CRA finds that the fix in s. 87(8.2)(f) for absorptive mergers (where no shares are issued) also indirectly extends to the s. 87(4) basis adjustment rules
In the case of an absorptive merger of FA2 into FA1 (as the survivor) where FA2 ceases to exist and its shares are cancelled, s. 87(8.2)(f) deems the cancelled shares to have been exchanged by the Canadian shareholder (Canco) for purposes of the foreign merger definition in s. 87(8.1), so that the requirement in s. 87(8.1)(c) of that definition - that there be such a share exchange - is satisfied. However, s. 87(8.2)(f) does not explicitly deem there to be such a share exchange for purposes of s. 87(4), which deems shares of Amalco acquired in exchange for shares of a predecessor to have been acquired at a cost equal to the exchanged shares’ ACB. However, also note that s. 87(8) provides that the s. 87(4) rules apply to a foreign merger (so that this effect quite arguably is one of the purposes of the foreign merger definition).

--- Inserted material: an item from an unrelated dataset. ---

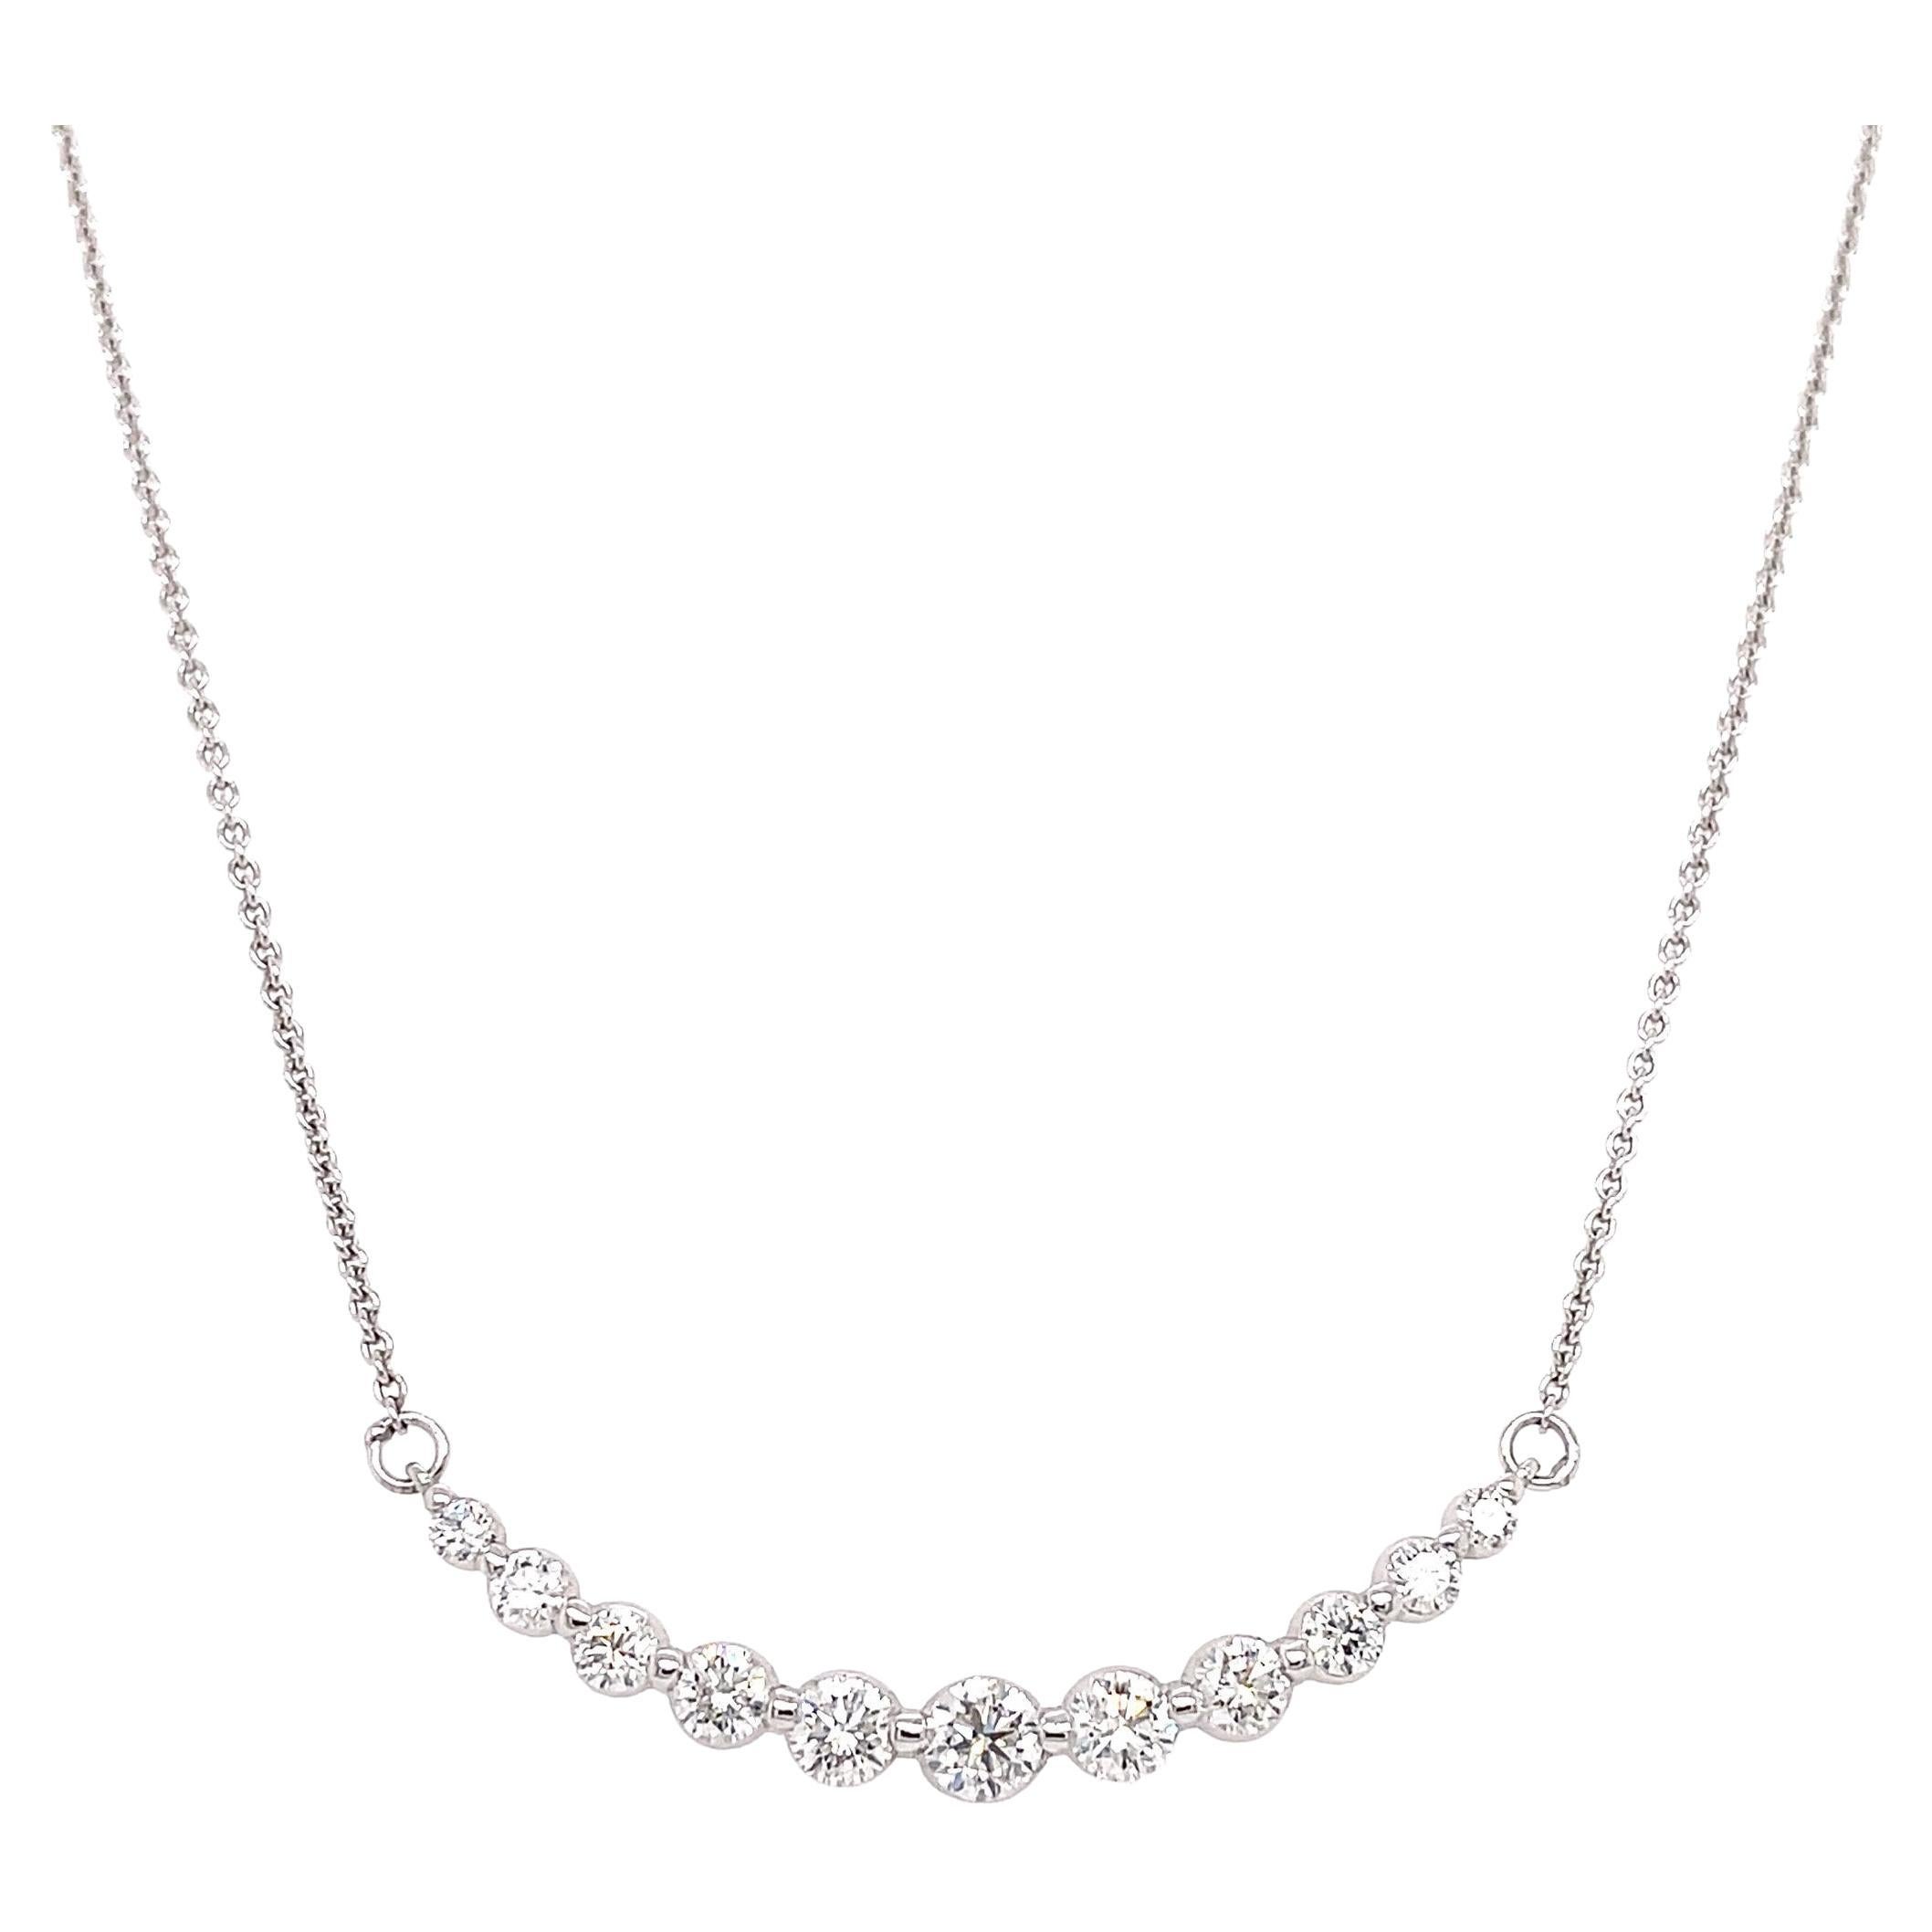 0.75 Carat Eleven Diamond Graduated Necklace in 18K White Gold

Not surprisingly, CRA has concluded that the deemed exchange rule in s. 87(8.2)(f) also applies for purposes of the application of s. 87(4) to a foreign merger so that, for example, the ACB of the cancelled shares of FA2 is deemed to be added to the cost to Canco of its shares of the survivor (FA1).
Neal Armstrong. Summary of 8 July 2015 T.I. 2014-0550641E5 under s. 87(4).